Frou the Builder....can she fix it? Frou the builder.... YES SHE CAN!
I am proud to announce that last night, I drove myself to Ikea, browse through the entire two floors, filled a trolley with furnitures, ate some swedish meatballs, paid for the furnitures, load them into the car, drove home, unload them into my house and then sat on the floor and proceeded to erect a bookshelf, a bedside table and a table lamp. Everything in one night and all by myself!
[Echo: YES SHE CAN!]
BTW, for anyone interested to know, Ikea no longer provide free plastic bags. You either pay for them ($0.05) or lug everything yourself by hand.
Yes I know constructing Ikea furniture is not rocket science. In fact, it is seriously idiot-proof so long as you know the difference between a nail and your own hand. And lugging furnitures around is not the hard part either (Echo: "YES SHE'S STRONG!"). I am just particularly proud of the fact that I even bothered to buy furnitures at all. Especially unnecessary items like a frigging bookshelf.
The background to this is, I never own furnitures. I have been living out of my suitcase ever since I left (ok fine, kicked out) of home at 16 years old. My first ever piece of "furniture" is a 10cm thick mattress my mum bought for me before she uncaremoniously dumped me in a rented room 365km away from home. I slept on this same mattress for the next 2 years until the cheap cotton thingy inside disintegrated.
When I was studying in the UK, the only piece of household item I owned is an alarm clock. Everything else is rented, comes with the house, dumped on me, on loan or donated by sympathatic friends. I didn't do so badly, I thought. Somebody put a TV in my room for a couple of months. I even had a Playstation as well at one point. My lack of furnitures doesn't bother me because I wasn't home much. I was out partying.
When I moved back to KL to take the Bar exam, my rented room comes with only a crikety single bed (which by the way The Queen broke with her fat arse) so I reluctantly bought a table because I actually need to erm...study. The table stayed with me for the next 4 years. I believe it is now retired in Phillip's house in KL even though he annoyingly denied it. ("Phillip: I dunno what happen to that old thing. It is NOT yours. No no. Uh uh").
What possessed me to make that Ikea trip last night was a sudden realisation that dawned on me when I was sitting in my very very bare new room talking to myself.
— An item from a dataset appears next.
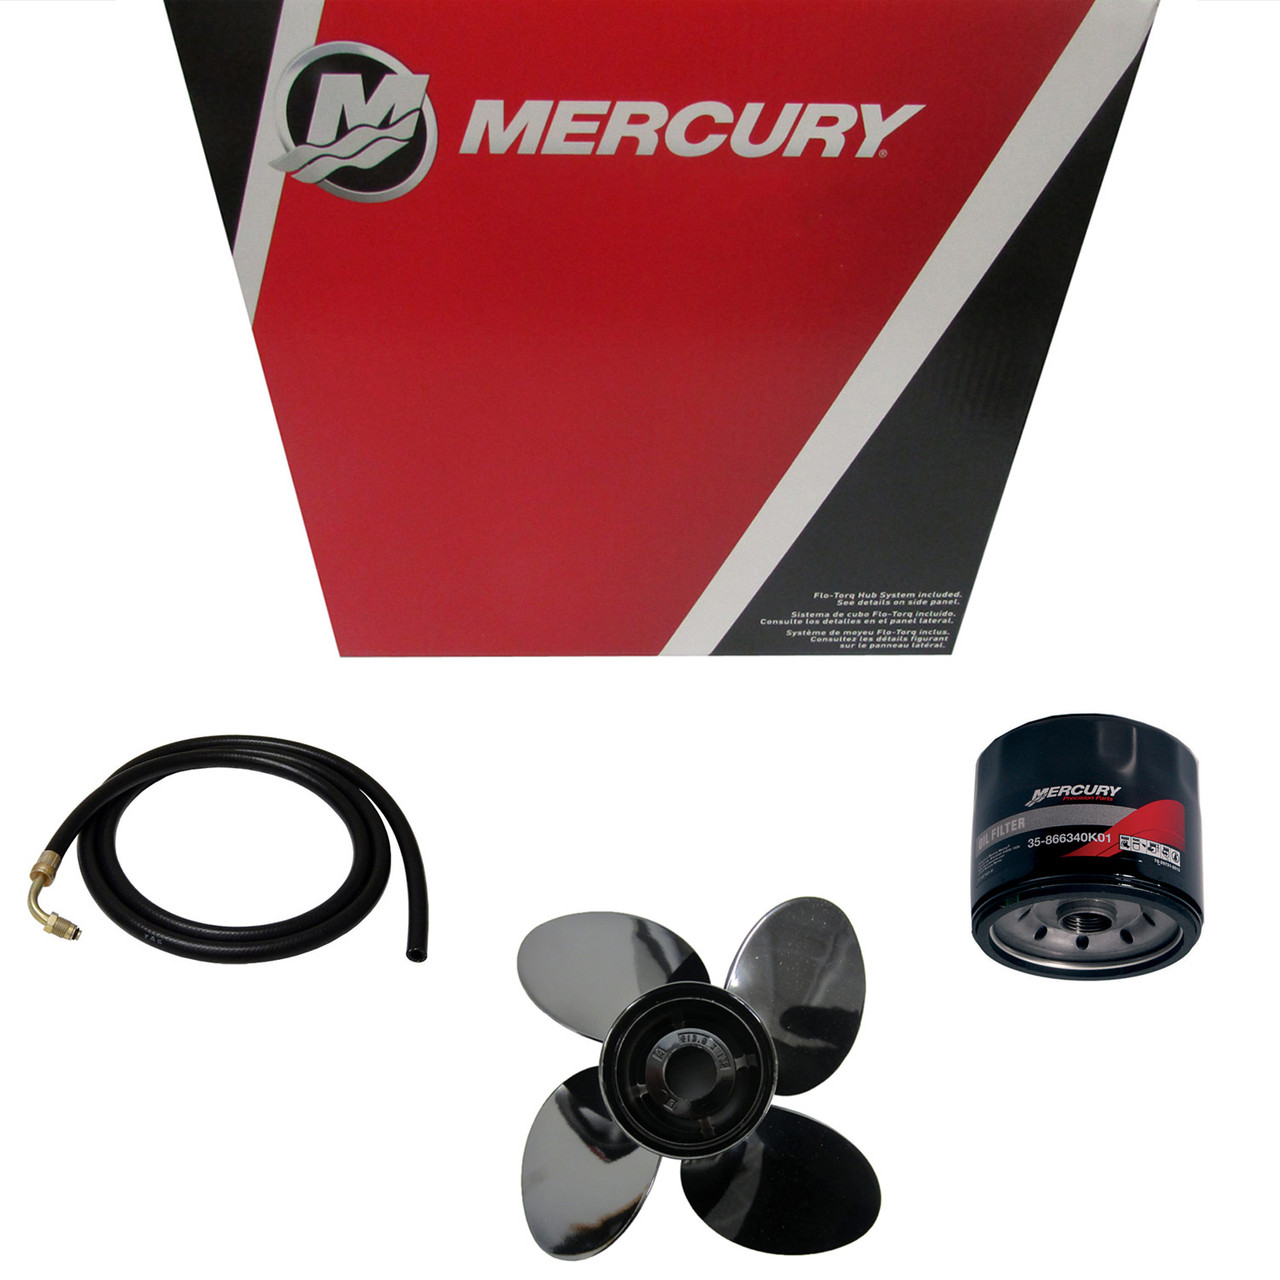 Mercury Marine / Mercruiser New OEM Cable Kit, 821945A57

I don't know if anyone else does this too but I have a strange habit of sometimes pretending that I am "a-person-who-knows-better" so that I can nag at the real life lazy ass me who don't know.....any better, that is.
'Frou-who-knows-better' was looking around the empty room that 'Frou-who-doesn't-know-any-better' just moved into and immediately felt a nag bubbling up her throat: "Goodness gracious me! Look at you! Why are you living like this? Do you know how old you are now? People your age are owning houses, cars, morgages, Gucci bags and what not. And what do you have? One bed and the same miserable alarm clock. You don't even have a frigging book shelf".
Hence explains the frigging bookshelf.
I sat admiring my new useless furnitures. They look the price I paid and their colors don't match. What is worst, I have absolutely nothing to put on that frigging bookshelf. At least the beside table holds my beers.
Nonetheless, I am smiling at my 'adult-ness'.
What's next? Diapers?
8 comments:
The Queen would like to clarify that the bed was not broken by my mignon arse. It was due to the previous tenant (ah-beng from JB) illcit activities.
Yes, he prep the bed up for failure but your questionable-sized arse was the final blow...
;P
I would also just like to say that Gucci is outdated and its moved on to Louis Vuitton dominating the material world. This is not my personal opinion. This is based on sales figures of luxury goods.
And,I suppose you think my arse is questionable because every time you look down at your chest, you are mortified with embarassment!
Next time you want to skip to Ikea and need some muscle, call me! I'll drink a vodka something or the other and watch you load the car. Heh. Pre-weekend drink tomorrow night?
Your Majesty - oi, dun poke fun! They comes as a whole package - small, cute and funny. Like the rest of me *silly grin*
Toe - You are bad for my gastric but what the heck. Ok, meet you tonight at u-know-where...
The only thing I own inside my room is my quilt and bed linens. I don't even have a freaking chair where I can sit while I surf the net. You're not that bad. ~milktea (te su su)
Hahahhah! I also use my bed as a table and chair as well :) Thanks for making me feel better abt my furniture-less self, tehsusu! :)
Dido's song "Life for Rent" comes to mind...
Btw Le Queen! Is that 'ah-beng from JB' subsequently Sue and I's landlord?